Build prompt context from real UI state while minimizing the risk of leaking sensitive data. Annotate the DOM with data-ai attributes, automatically redact common PII, and reinject values safely on the backend when needed.

Demo

What it does

  • data-ai annotations decide what to include, exclude, or redact.
  • Produces structured fields, combined rawText, and a detailed redactions list.
  • Redacts common PII (email, phone, IBAN, credit card, SSN) before sending data to AI providers.
  • Backend helper reinjects placeholders after the model responds, keeping sensitive data away from the model.

Why it matters

  • Users routinely paste emails, tickets, and documents into support tools.
  • AI prompts often collect PII by accident; this helps enforce privacy-by-design defaults.
  • Heuristic redaction provides a lightweight data minimisation layer for EU/US style privacy expectations.

Quickstart

  1. Install (workspace root):
npm install
  1. Annotate the DOM:
<div id="ticket-root">
  <h2 data-ai="include" data-ai-label="subject">Login blocked</h2>
  <p data-ai="redact:email phone" data-ai-label="customer">
    Contact: alice@example.com, phone +1 212-555-7890
  </p>
  <p data-ai="exclude">Internal notes never leave the browser.</p>
</div>
  1. Build context in the browser:
import { buildAiContext } from "safedom-ai";

const ctx = buildAiContext("#ticket-root", { labeledOnly: true, region: "eu" });

// ctx.fields.subject -> "Login blocked"
// ctx.rawText -> includes placeholders like "__EMAIL_1__"
// ctx.redactions -> [{ placeholder: "__EMAIL_1__", original: "alice@example.com", type: "email" }, ...]
  1. Send to a provider (example with OpenAI; ensure you comply with their data handling terms):
const response = await openai.chat.completions.create({
  model: "gpt-4o",
  messages: [{ role: "user", content: ctx.rawText }]
});
  1. Reinject placeholders on the backend (Node):
import { reinjectPlaceholders } from "@safedom/ai-node";
import type { Redaction } from "safedom-ai";

function finalizeAnswer(modelText: string, redactions: Redaction[]) {
  // Deterministic, regex-free replacement to avoid accidental pattern injection.
  return reinjectPlaceholders(modelText, redactions);
}

API Reference

buildAiContext(root, options?): AiContext

Builds a privacy-minded context from a DOM subtree.

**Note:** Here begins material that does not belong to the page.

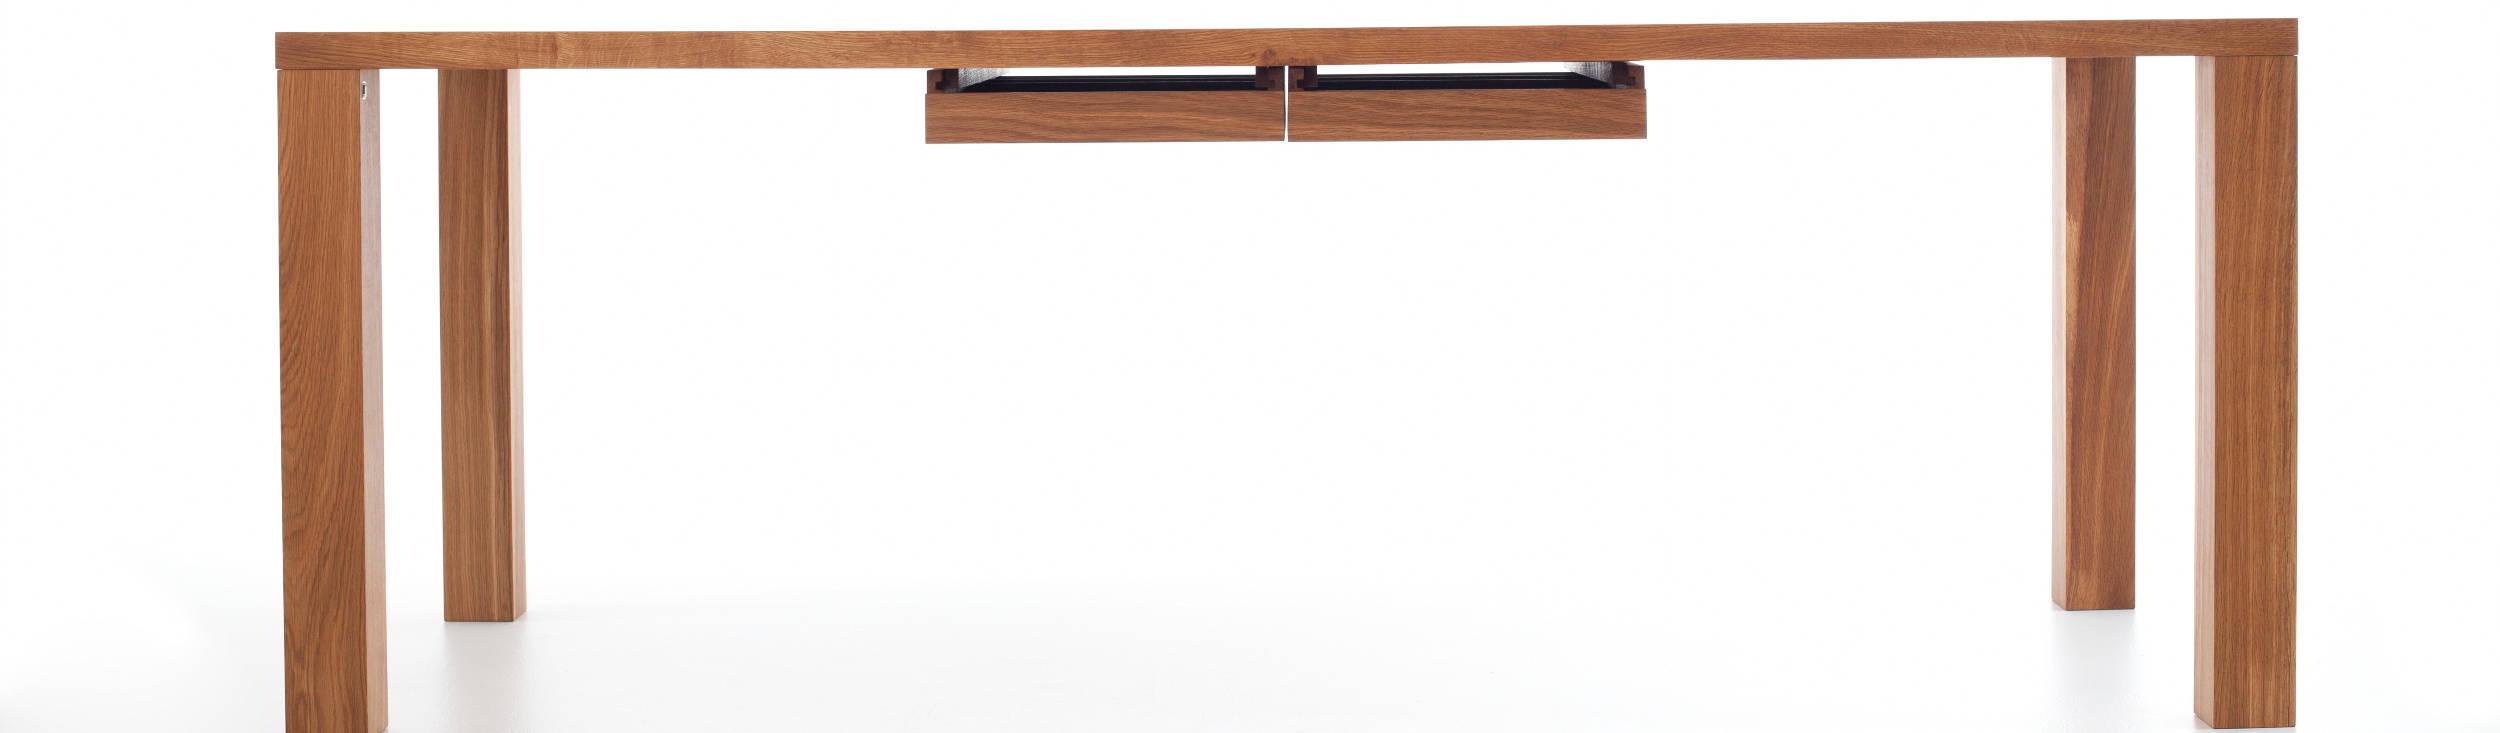 ambion – Manufaktur für Einzelmöbel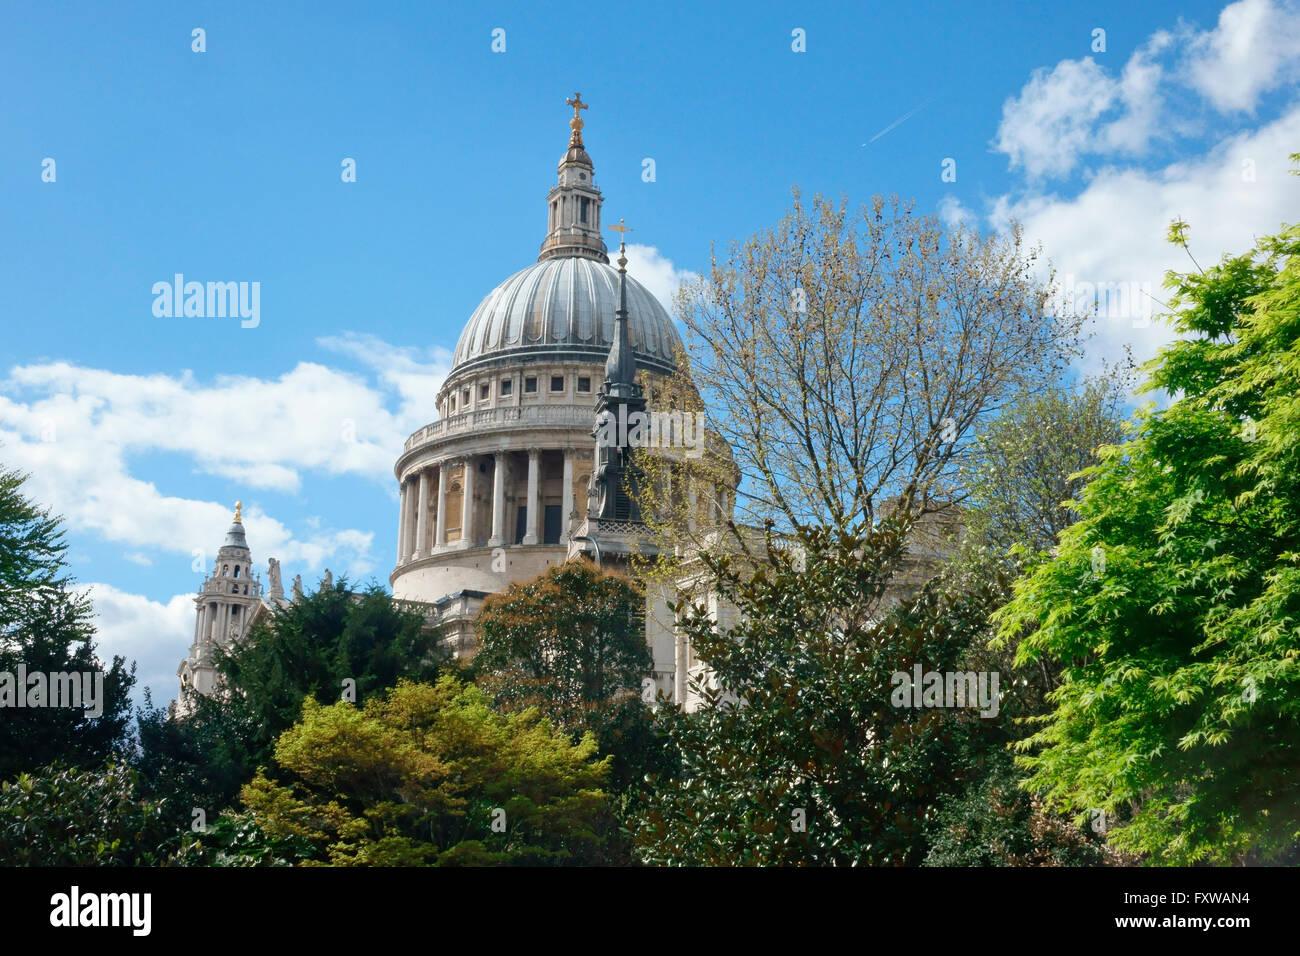 St. Pauls Cathedral, in der City of London, England, Großbritannien, Deutschland, GB, UK Stockbild

  • root: Element or CSS selector. Throws if not found.
  • options.labeledOnly (default true): When true, only data-ai annotated elements are processed. When false, unlabeled text within the root is collected as a fallback with redaction applied (excluding subtrees already annotated or excluded).
  • options.redactionRules: Override default redaction rules. Provide an array of { type, pattern, placeholderPrefix }. Patterns must include the global /g flag.
  • options.region: "eu" | "us" | "global" hint for host apps to select policy; not used for any network or geolocation.

Returns:

  • fields: Key-value map keyed by data-ai-label; multiple occurrences concatenate with newlines.
  • rawText: Combined string of included/redacted text separated by double newlines for easy prompt construction.
  • redactions: Array of { placeholder, original, type }.

data-ai directives

  • data-ai="include": Include text content as-is.
  • data-ai="exclude": Exclude element and children.
  • data-ai="redact:email phone iban creditcard ssn": Apply selected redaction rules. Unknown types fall back to the available ruleset.
  • data-ai-label="subject": Optional logical label; concatenates across multiple elements.
  • data-ai-sensitivity (optional/future): high|medium|low hint for downstream tooling; not used by core logic yet.

defaultRedactionRules

Heuristic regexes for:

  • Email: __EMAIL_n__
  • Phone (generic E.164-ish): __PHONE_n__
  • IBAN (generic ISO 13616 shape): __IBAN_n__
  • Credit card (13-19 digits, Luhn-validated): __CARD_n__
  • US SSN: __SSN_n__

Rules run in deterministic order. Placeholder numbering increments across all rules within a call.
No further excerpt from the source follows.